- [Extracted records]
____________

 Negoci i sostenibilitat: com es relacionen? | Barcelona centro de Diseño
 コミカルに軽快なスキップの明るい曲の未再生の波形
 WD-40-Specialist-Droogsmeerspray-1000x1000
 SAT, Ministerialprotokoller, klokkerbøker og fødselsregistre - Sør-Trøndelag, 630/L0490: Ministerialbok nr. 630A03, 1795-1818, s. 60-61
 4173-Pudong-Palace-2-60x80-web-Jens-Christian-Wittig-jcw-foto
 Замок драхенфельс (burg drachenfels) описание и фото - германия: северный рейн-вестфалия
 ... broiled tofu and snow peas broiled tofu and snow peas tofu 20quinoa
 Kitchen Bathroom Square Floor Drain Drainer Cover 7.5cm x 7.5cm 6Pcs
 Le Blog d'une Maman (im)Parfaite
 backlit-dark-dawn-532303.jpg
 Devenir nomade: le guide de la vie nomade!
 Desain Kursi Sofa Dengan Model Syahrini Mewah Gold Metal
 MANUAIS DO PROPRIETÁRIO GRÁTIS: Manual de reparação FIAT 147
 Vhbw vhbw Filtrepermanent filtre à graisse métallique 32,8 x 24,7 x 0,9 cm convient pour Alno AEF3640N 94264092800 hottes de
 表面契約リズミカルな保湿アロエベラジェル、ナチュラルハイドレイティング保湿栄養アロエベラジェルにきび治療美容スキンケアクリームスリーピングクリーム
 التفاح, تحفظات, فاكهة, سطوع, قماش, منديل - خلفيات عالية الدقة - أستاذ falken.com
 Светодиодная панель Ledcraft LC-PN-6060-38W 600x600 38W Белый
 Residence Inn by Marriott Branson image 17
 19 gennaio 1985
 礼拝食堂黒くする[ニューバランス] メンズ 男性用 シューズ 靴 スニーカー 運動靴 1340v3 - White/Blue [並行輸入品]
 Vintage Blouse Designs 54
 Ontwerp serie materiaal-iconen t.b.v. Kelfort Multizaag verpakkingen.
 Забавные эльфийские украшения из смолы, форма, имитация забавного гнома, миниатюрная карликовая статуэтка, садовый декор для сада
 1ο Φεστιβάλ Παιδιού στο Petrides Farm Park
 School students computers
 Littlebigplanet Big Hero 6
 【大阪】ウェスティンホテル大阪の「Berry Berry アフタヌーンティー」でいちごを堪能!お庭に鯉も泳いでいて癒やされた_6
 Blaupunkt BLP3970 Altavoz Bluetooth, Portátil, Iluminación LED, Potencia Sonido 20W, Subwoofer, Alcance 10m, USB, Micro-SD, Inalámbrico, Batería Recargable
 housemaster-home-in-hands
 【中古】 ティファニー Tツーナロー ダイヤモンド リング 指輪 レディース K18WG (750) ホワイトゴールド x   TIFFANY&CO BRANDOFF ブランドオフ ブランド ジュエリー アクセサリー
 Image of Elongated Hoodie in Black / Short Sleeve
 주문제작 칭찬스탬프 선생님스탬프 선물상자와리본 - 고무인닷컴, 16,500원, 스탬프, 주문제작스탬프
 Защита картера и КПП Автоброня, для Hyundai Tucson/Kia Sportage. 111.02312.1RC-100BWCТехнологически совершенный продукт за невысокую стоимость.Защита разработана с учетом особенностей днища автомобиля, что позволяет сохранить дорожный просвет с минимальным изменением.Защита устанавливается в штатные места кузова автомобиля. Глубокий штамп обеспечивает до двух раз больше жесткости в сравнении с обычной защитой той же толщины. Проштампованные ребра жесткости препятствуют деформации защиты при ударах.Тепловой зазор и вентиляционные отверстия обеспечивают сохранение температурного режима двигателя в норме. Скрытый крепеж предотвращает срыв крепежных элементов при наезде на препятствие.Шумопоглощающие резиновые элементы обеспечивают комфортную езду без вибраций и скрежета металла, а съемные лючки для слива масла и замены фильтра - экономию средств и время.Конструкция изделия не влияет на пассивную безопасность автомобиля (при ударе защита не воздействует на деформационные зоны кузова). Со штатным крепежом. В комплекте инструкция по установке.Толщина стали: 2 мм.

____________

- [Task] Please output only the lines from the first line of the entries through the line with "SAT, Ministerialprotokoller, klokkerbøker", both included, exactly as written.

- [The answer]
 Negoci i sostenibilitat: com es relacionen? | Barcelona centro de Diseño
 コミカルに軽快なスキップの明るい曲の未再生の波形
 WD-40-Specialist-Droogsmeerspray-1000x1000
 SAT, Ministerialprotokoller, klokkerbøker og fødselsregistre - Sør-Trøndelag, 630/L0490: Ministerialbok nr. 630A03, 1795-1818, s. 60-61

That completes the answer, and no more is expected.